Assigned task: Leaving pictures aside, restate exactly the lines of the data below, from the first one through the line that contains "Τι Δούρου τι".

Input data:

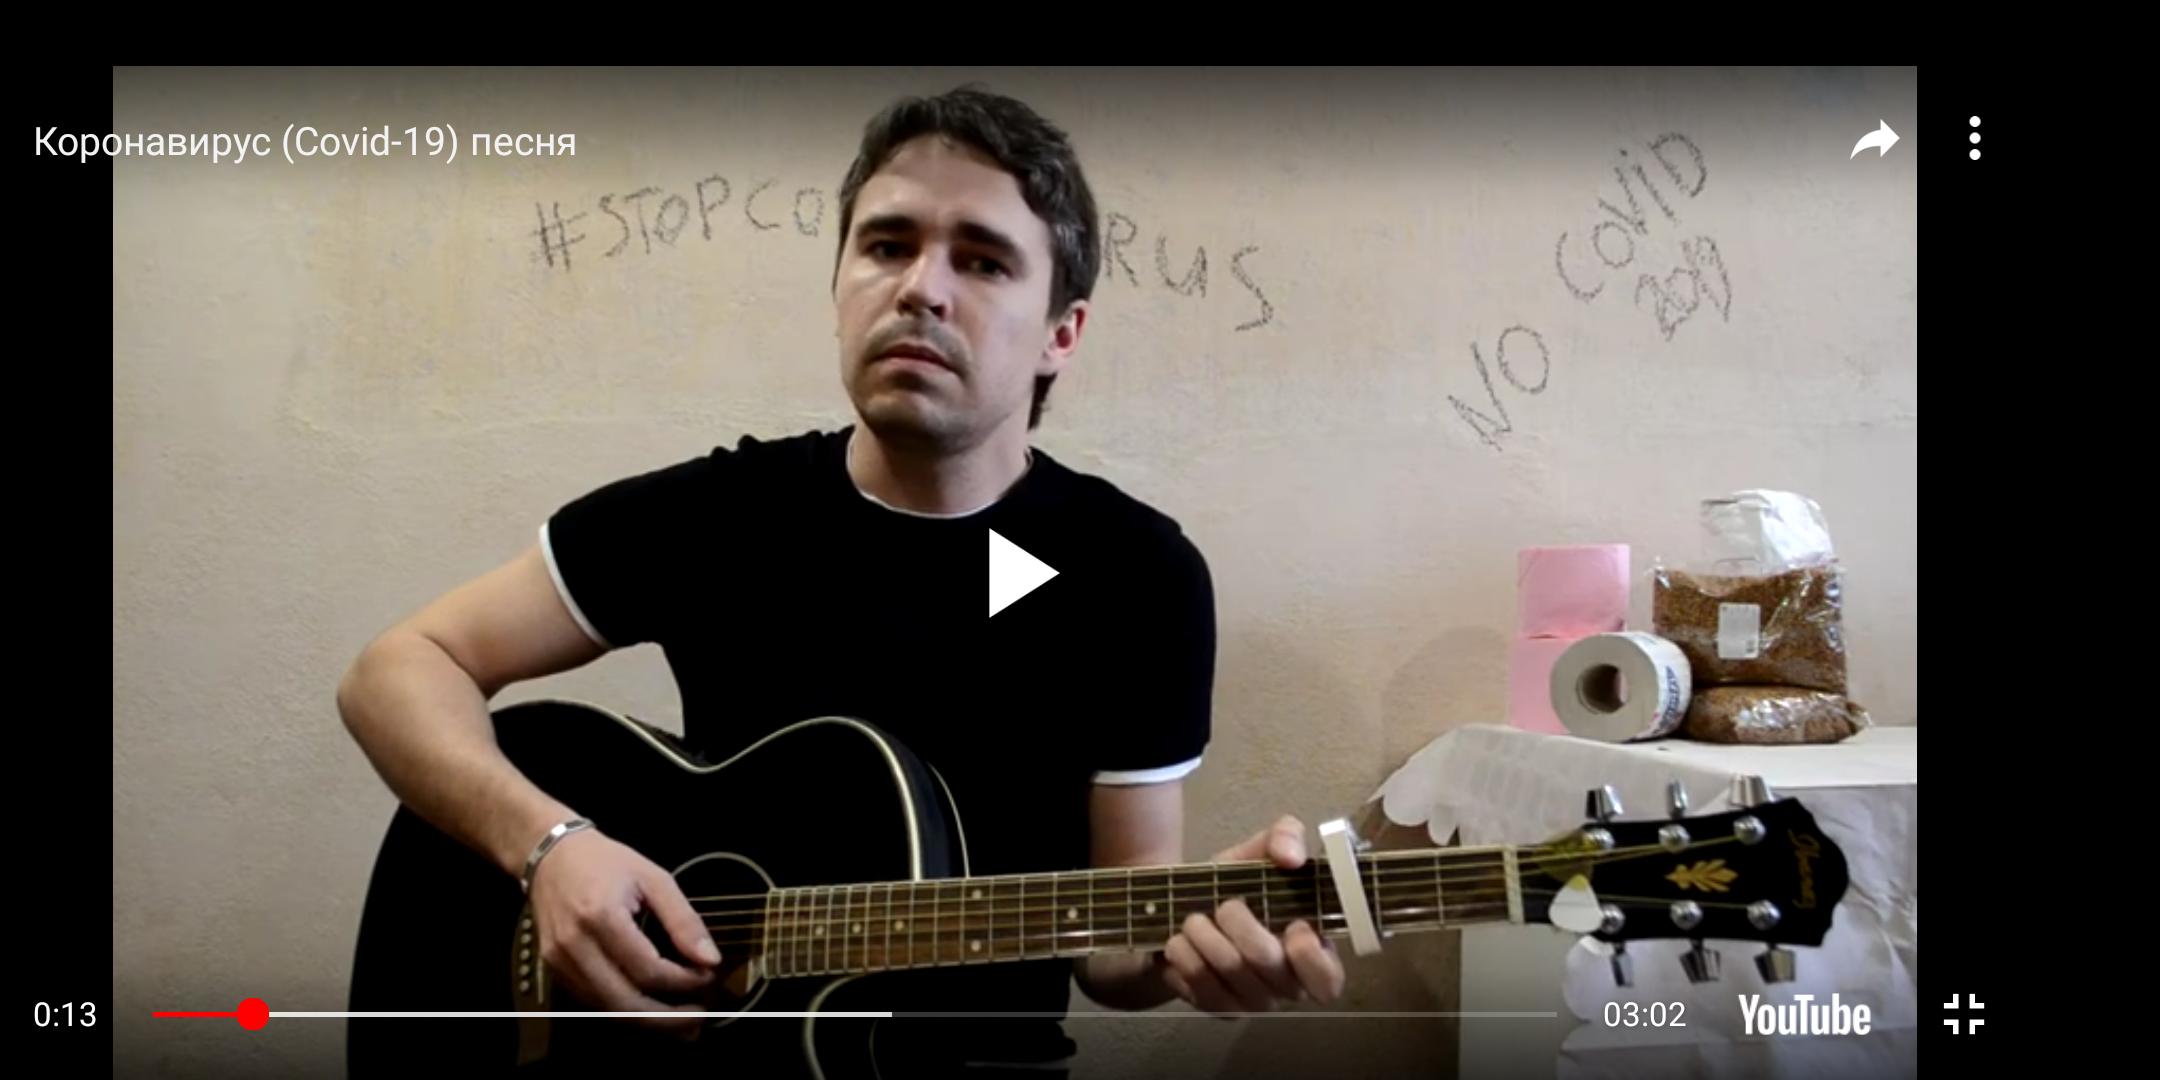 Тверской музыкант написал песню о борьбе с коронавирусом
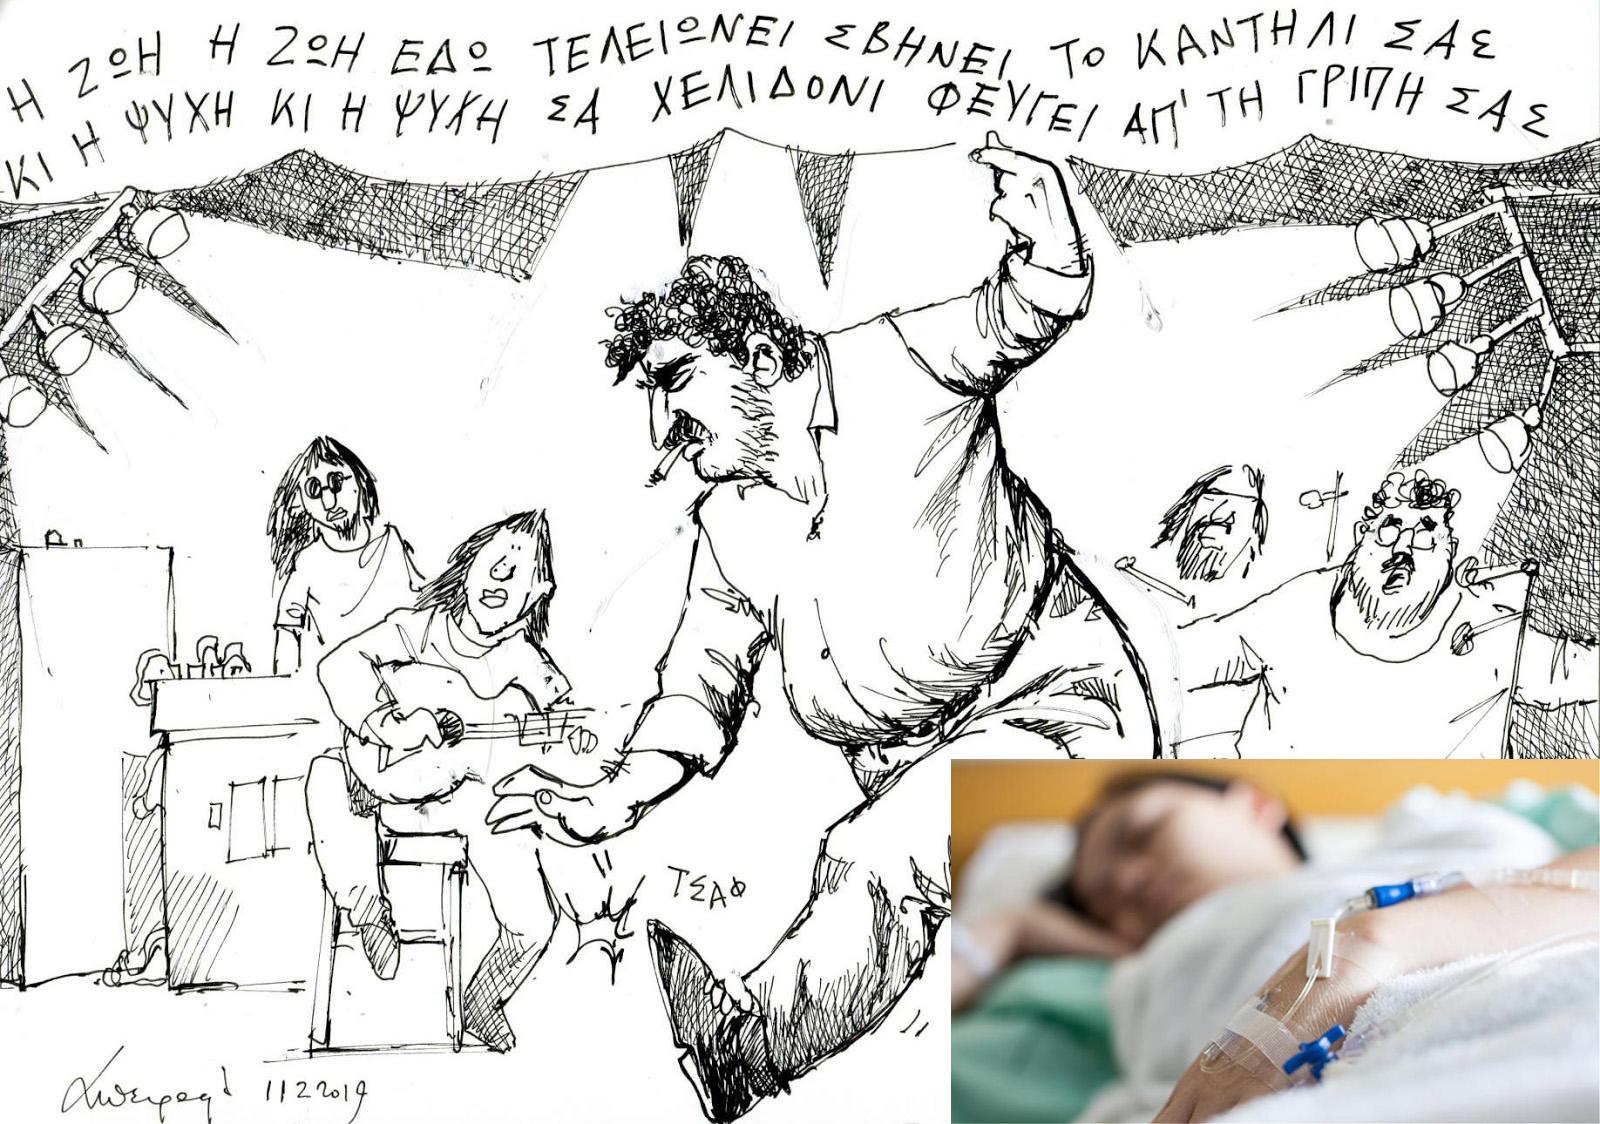 Τι Δούρου τι Πολάκης; Δεν ιδρώνει το αυτί τους - Στους 145 οι νεκροί από τη γρίπη
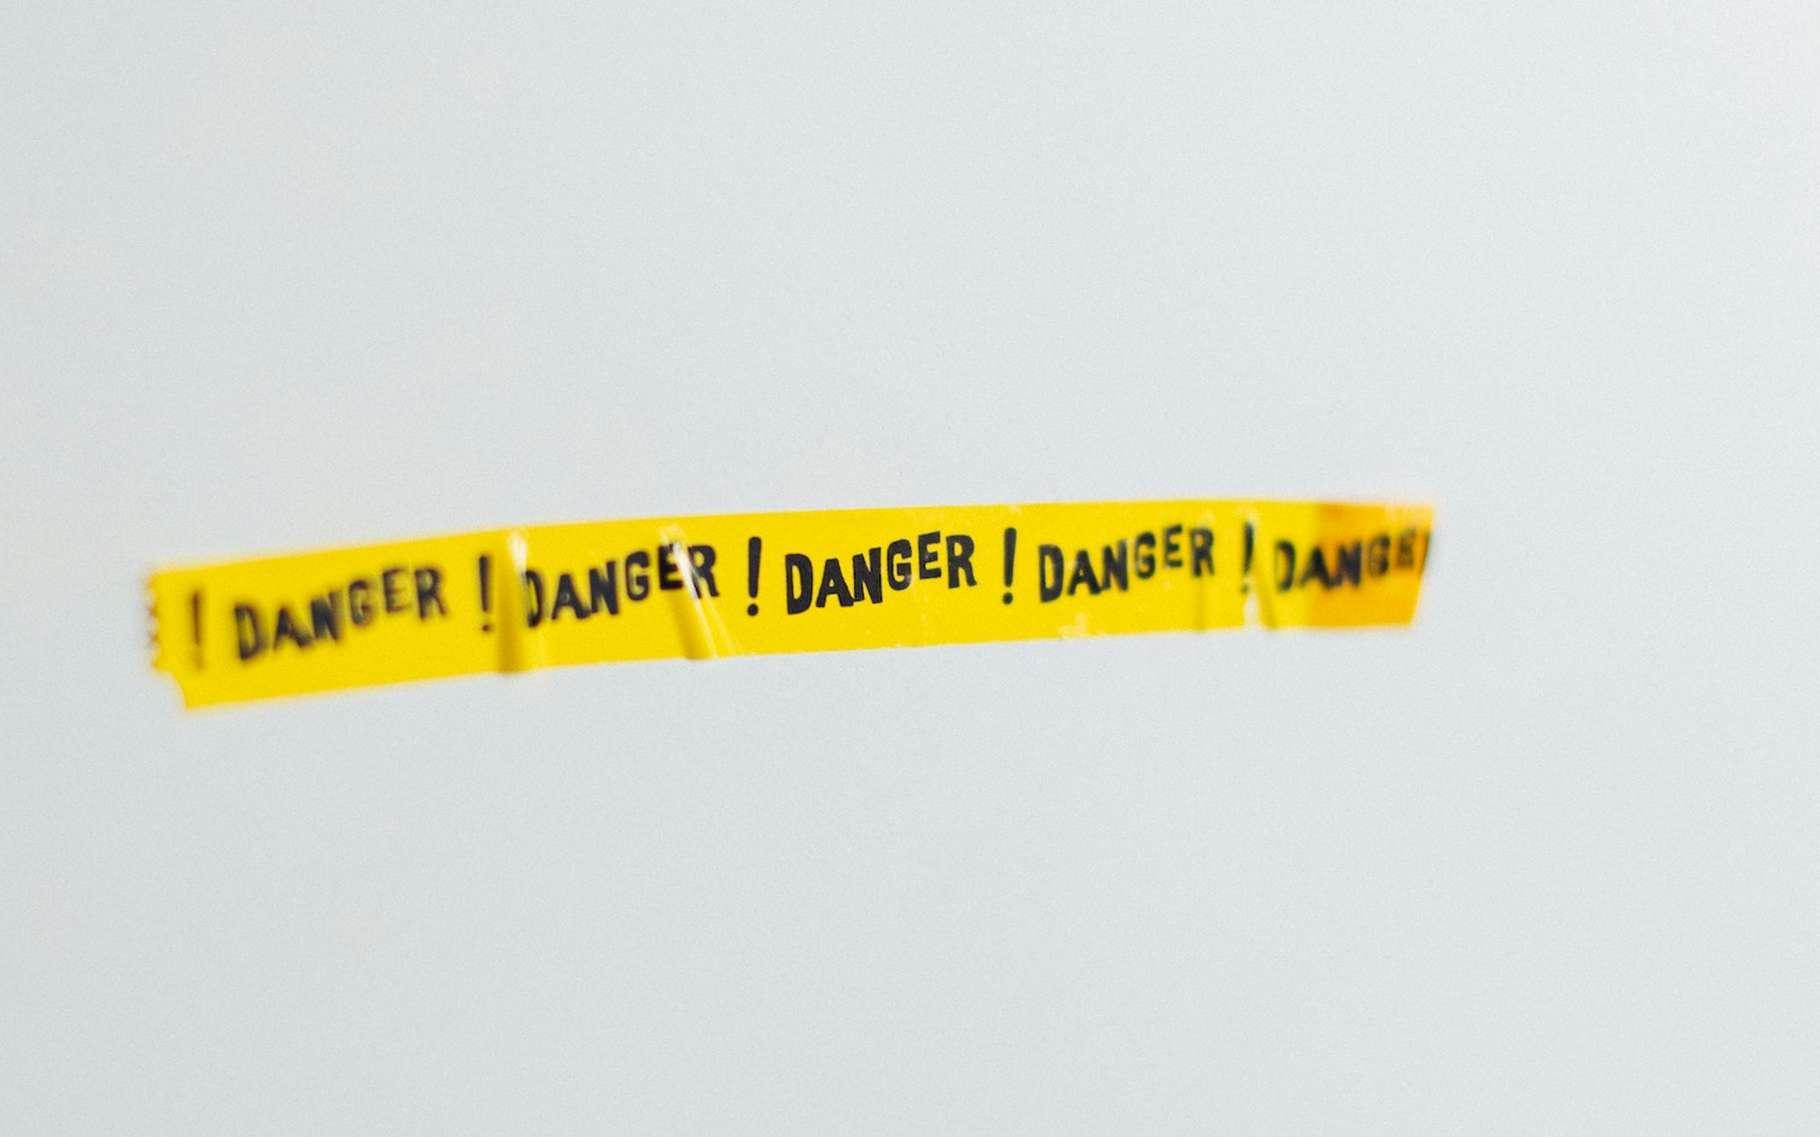 L'étude d'impact arrive en amont du projet, l'étude de danger est conduite en phase d'exploitation et régulièrement réévaluée. © Markus Spiske, Unsplash

Response:
 Тверской музыкант написал песню о борьбе с коронавирусом
 Τι Δούρου τι Πολάκης; Δεν ιδρώνει το αυτί τους - Στους 145 οι νεκροί από τη γρίπη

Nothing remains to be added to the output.